Terraform Module (utils/atlas-cluster/)

atlas-cluster/
├── main.tf                          # Core Terraform resources
├── variables.tf                     # Input variables
├── parse_users.py                   # User list processor
├── populate_database_airnbnb.py     # Database setup automation
├── requirements.txt                 # Python dependencies
├── user_list.csv                    # Template user list
├── README.md                        # Module documentation
└── indexes/                         # Index definitions
    ├── crud/
    │   └── beds_1_price_1.json      # Standard index
    ├── search/
    │   └── search_index.json        # Atlas Search index
    └── vector-search/
        └── vector_index.json        # Vector Search index

Customer Configuration (utils/arena-terragrunt/<customer>/)
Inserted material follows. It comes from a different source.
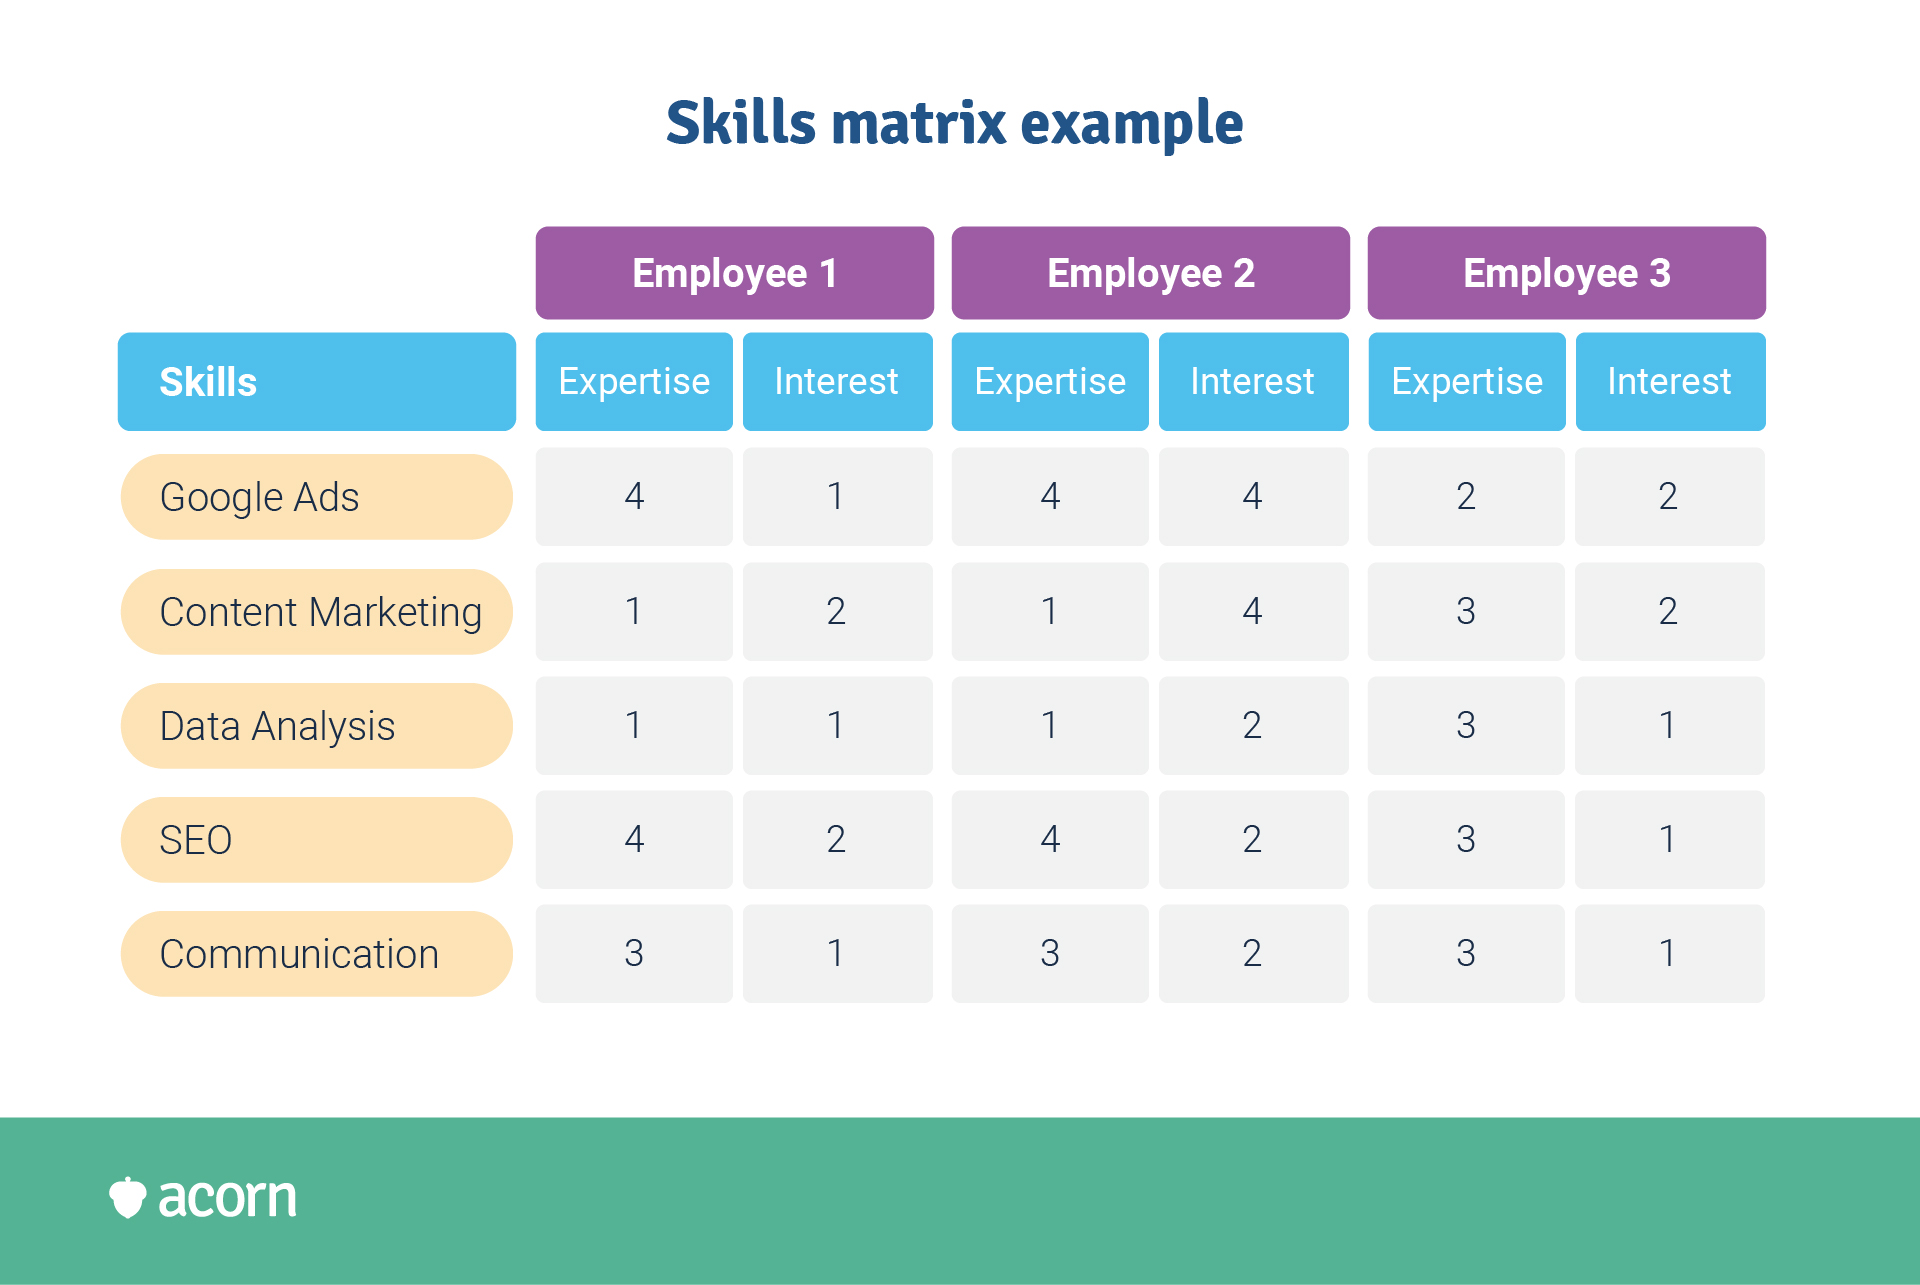 Skills matrix example
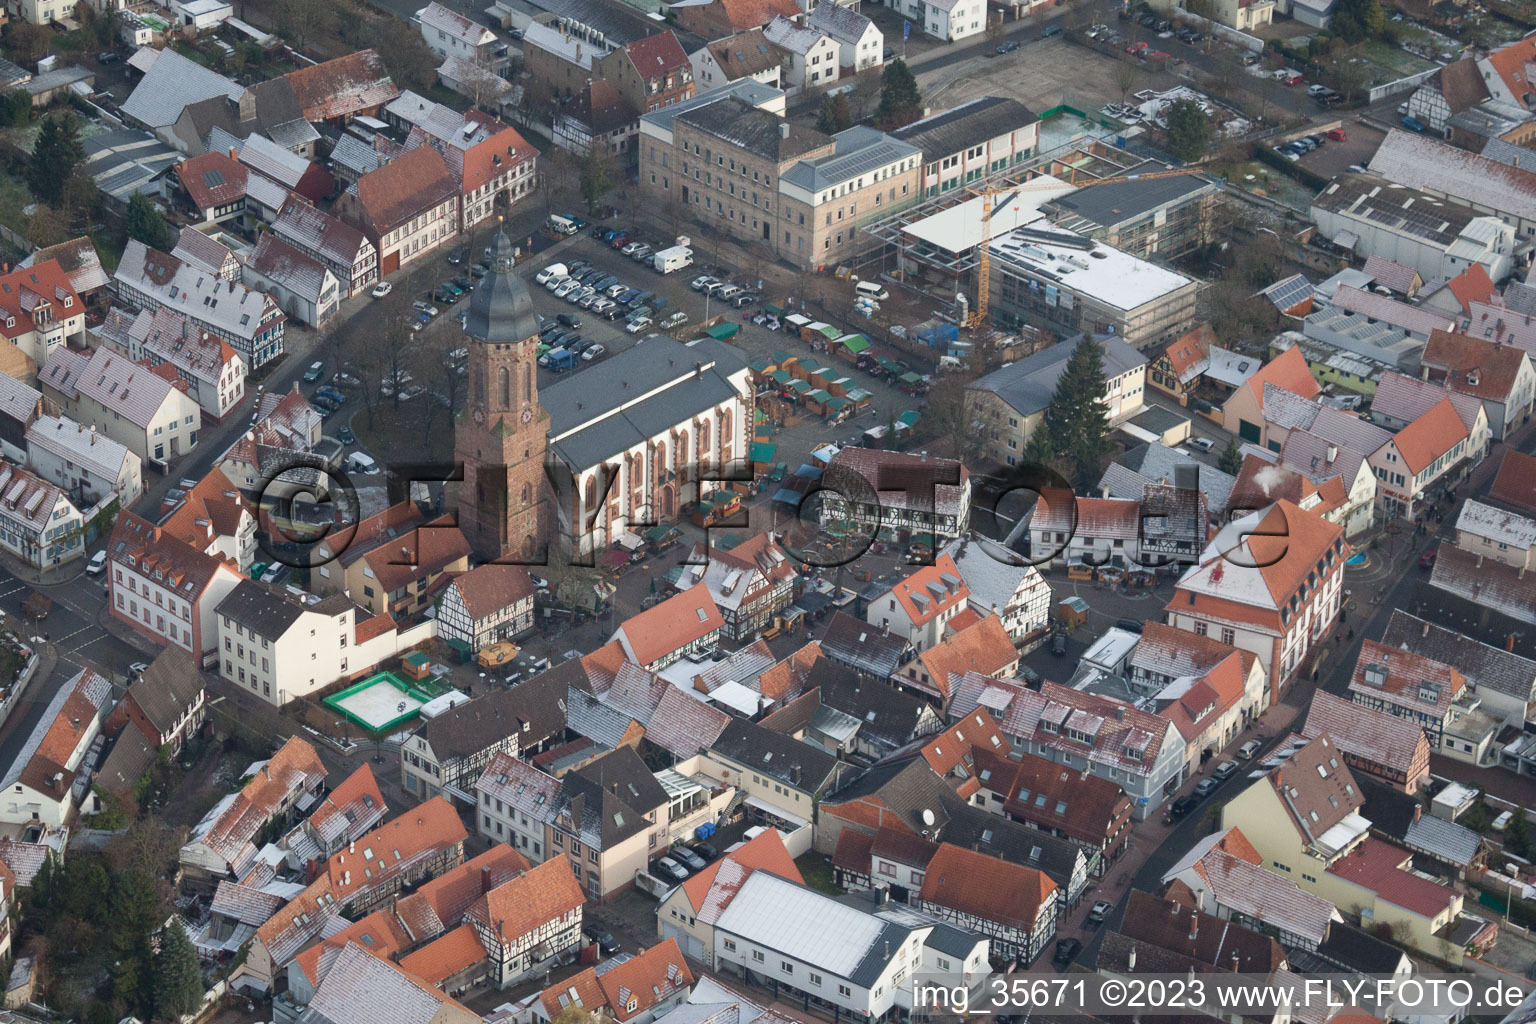 Vue aérienne de Marché de Noël à Plätzl et autour de l'église Saint-Georges à Kandel dans le département Rhénanie-Palatinat, Allemagne

<customer>/                          # e.g., airbnb, dallas, dk, sa
├── config.yaml                      # Customer-specific configuration
├── root.hcl                         # Root Terragrunt configuration
├── atlas-cluster/
│   ├── terragrunt.hcl              # Terragrunt wrapper for atlas-cluster
│   └── user_list.csv               # Customer-specific participant list
└── eks-cluster/
    └── terragrunt.hcl              # Terragrunt wrapper for eks-cluster

⚙️ Configuration

All configuration is centralized in config.yaml at the customer folder level:

Key Settings

mongodb:
  public_key: "YOUR_PUBLIC_KEY"
  private_key: "YOUR_PRIVATE_KEY"
  project_name: "workshop-project"
  cluster_name: "arena-cluster"
  cluster_region: "US_EAST_2"
  instance_size: "M30"
  create_indexes: false
  additional_users_count: 0
  database_admin_password: "MongoArenaAdminDummy"
  customer_user_password: "MongoArenaDummy"

User List

Edit user_list.csv in your customer folder to add participant information:

name,surname,email
john,doe,john.doe@example.com
jane,smith,jane.smith@example.com
bob,wilson,bob.wilson@example.com

Each user will receive:

  • Individual database credentials (username derived from email prefix)
  • Personal database with full listingsAndReviews dataset
  • Read-only access to the shared arena database
  • Entry in the participant tracking system

⏱️ Deployment Time

  • Initial deployment: 10-15 minutes
  • With indexes: 15-20 minutes
  • Data population: Included in deployment time

🔒 Security Features

  • Network Access - Configured to allow access from workshop environment
  • Database Authentication - Individual user credentials
  • Encryption - At rest and in transit (Atlas default)
  • IP Allowlisting - Automatically configured

💡 Tips & Best Practices

Before Deployment

  1. Verify your Atlas API keys have Organization Project Creator permissions
  2. Review and update user_list.csv with actual participant emails
  3. Choose appropriate cluster size based on expected load

Index Creation

  • Set create_indexes: true if you need Search/Vector Search indexes automated
  • Indexes take additional time to build
  • Can be created later if needed

Existing Projects

  • Import existing projects to avoid creating duplicates
  • Useful for testing or iterative deployments
  • Requires project ID from Atlas UI

User Invitations

  • By default, no email invitations are sent to participants
  • Uncomment mongodbatlas_project_invitation in code to enable
  • Participants receive credentials through the workshop portal

📊 Output Information

After successful deployment, the module outputs:

  • Connection String - MongoDB connection URI
  • Project ID - Atlas project identifier
  • Cluster Name - Name of the deployed cluster
  • User Credentials - Stored securely for distribution

💡 Note: The atlas-cluster module can be deployed independently from the EKS cluster, making it ideal for hybrid workshop setups where participants use their own local development environment.